| Instructions for the task |
Each entry is to be output as written, so that none is missing.

------ Data listing

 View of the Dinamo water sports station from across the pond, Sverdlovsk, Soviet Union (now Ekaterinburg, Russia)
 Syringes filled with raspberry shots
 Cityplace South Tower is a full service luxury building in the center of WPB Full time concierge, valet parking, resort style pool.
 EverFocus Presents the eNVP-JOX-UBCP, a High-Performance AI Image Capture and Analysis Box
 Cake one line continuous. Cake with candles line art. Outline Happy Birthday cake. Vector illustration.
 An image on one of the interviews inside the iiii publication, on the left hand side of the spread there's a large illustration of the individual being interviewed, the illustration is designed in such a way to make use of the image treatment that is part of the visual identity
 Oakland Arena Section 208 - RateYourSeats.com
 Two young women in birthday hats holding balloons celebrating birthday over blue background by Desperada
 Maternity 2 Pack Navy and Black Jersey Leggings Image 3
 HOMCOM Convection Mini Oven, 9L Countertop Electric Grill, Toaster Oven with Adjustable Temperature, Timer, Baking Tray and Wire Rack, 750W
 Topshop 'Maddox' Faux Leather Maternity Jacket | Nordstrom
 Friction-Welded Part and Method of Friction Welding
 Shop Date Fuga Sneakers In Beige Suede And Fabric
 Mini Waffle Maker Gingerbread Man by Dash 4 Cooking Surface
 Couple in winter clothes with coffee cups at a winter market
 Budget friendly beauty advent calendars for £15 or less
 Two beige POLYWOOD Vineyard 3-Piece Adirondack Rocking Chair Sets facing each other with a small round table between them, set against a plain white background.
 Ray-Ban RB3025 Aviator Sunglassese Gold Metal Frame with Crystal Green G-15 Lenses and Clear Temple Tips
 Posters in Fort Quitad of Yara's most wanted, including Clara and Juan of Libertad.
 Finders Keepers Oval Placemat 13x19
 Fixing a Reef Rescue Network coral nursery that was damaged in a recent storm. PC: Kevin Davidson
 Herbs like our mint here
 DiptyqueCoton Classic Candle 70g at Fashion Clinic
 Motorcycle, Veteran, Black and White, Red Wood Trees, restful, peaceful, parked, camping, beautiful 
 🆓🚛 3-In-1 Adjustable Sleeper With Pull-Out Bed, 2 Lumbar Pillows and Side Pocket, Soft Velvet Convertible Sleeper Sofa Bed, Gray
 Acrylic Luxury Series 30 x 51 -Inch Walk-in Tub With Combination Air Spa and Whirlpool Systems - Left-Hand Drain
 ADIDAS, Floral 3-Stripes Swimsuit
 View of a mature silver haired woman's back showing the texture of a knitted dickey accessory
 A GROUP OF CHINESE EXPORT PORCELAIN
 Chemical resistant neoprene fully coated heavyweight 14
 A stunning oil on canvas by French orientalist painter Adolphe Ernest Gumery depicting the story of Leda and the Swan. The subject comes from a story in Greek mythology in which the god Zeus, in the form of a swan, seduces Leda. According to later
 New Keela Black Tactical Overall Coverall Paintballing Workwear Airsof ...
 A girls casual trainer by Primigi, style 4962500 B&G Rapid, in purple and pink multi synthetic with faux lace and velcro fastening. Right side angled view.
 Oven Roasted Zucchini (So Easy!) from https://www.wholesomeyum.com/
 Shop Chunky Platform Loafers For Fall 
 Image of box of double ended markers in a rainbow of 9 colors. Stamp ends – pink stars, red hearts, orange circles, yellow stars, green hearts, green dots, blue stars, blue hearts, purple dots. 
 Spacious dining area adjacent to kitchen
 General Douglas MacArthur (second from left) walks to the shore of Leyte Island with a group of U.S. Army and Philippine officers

------------

| Solution to the exercise |
 View of the Dinamo water sports station from across the pond, Sverdlovsk, Soviet Union (now Ekaterinburg, Russia)
 Syringes filled with raspberry shots
 Cityplace South Tower is a full service luxury building in the center of WPB Full time concierge, valet parking, resort style pool.
 EverFocus Presents the eNVP-JOX-UBCP, a High-Performance AI Image Capture and Analysis Box
 Cake one line continuous. Cake with candles line art. Outline Happy Birthday cake. Vector illustration.
 An image on one of the interviews inside the iiii publication, on the left hand side of the spread there's a large illustration of the individual being interviewed, the illustration is designed in such a way to make use of the image treatment that is part of the visual identity
 Oakland Arena Section 208 - RateYourSeats.com
 Two young women in birthday hats holding balloons celebrating birthday over blue background by Desperada
 Maternity 2 Pack Navy and Black Jersey Leggings Image 3
 HOMCOM Convection Mini Oven, 9L Countertop Electric Grill, Toaster Oven with Adjustable Temperature, Timer, Baking Tray and Wire Rack, 750W
 Topshop 'Maddox' Faux Leather Maternity Jacket | Nordstrom
 Friction-Welded Part and Method of Friction Welding
 Shop Date Fuga Sneakers In Beige Suede And Fabric
 Mini Waffle Maker Gingerbread Man by Dash 4 Cooking Surface
 Couple in winter clothes with coffee cups at a winter market
 Budget friendly beauty advent calendars for £15 or less
 Two beige POLYWOOD Vineyard 3-Piece Adirondack Rocking Chair Sets facing each other with a small round table between them, set against a plain white background.
 Ray-Ban RB3025 Aviator Sunglassese Gold Metal Frame with Crystal Green G-15 Lenses and Clear Temple Tips
 Posters in Fort Quitad of Yara's most wanted, including Clara and Juan of Libertad.
 Finders Keepers Oval Placemat 13x19
 Fixing a Reef Rescue Network coral nursery that was damaged in a recent storm. PC: Kevin Davidson
 Herbs like our mint here
 DiptyqueCoton Classic Candle 70g at Fashion Clinic
 Motorcycle, Veteran, Black and White, Red Wood Trees, restful, peaceful, parked, camping, beautiful 
 🆓🚛 3-In-1 Adjustable Sleeper With Pull-Out Bed, 2 Lumbar Pillows and Side Pocket, Soft Velvet Convertible Sleeper Sofa Bed, Gray
 Acrylic Luxury Series 30 x 51 -Inch Walk-in Tub With Combination Air Spa and Whirlpool Systems - Left-Hand Drain
 ADIDAS, Floral 3-Stripes Swimsuit
 View of a mature silver haired woman's back showing the texture of a knitted dickey accessory
 A GROUP OF CHINESE EXPORT PORCELAIN
 Chemical resistant neoprene fully coated heavyweight 14
 A stunning oil on canvas by French orientalist painter Adolphe Ernest Gumery depicting the story of Leda and the Swan. The subject comes from a story in Greek mythology in which the god Zeus, in the form of a swan, seduces Leda. According to later
 New Keela Black Tactical Overall Coverall Paintballing Workwear Airsof ...
 A girls casual trainer by Primigi, style 4962500 B&G Rapid, in purple and pink multi synthetic with faux lace and velcro fastening. Right side angled view.
 Oven Roasted Zucchini (So Easy!) from https://www.wholesomeyum.com/
 Shop Chunky Platform Loafers For Fall 
 Image of box of double ended markers in a rainbow of 9 colors. Stamp ends – pink stars, red hearts, orange circles, yellow stars, green hearts, green dots, blue stars, blue hearts, purple dots. 
 Spacious dining area adjacent to kitchen
 General Douglas MacArthur (second from left) walks to the shore of Leyte Island with a group of U.S. Army and Philippine officers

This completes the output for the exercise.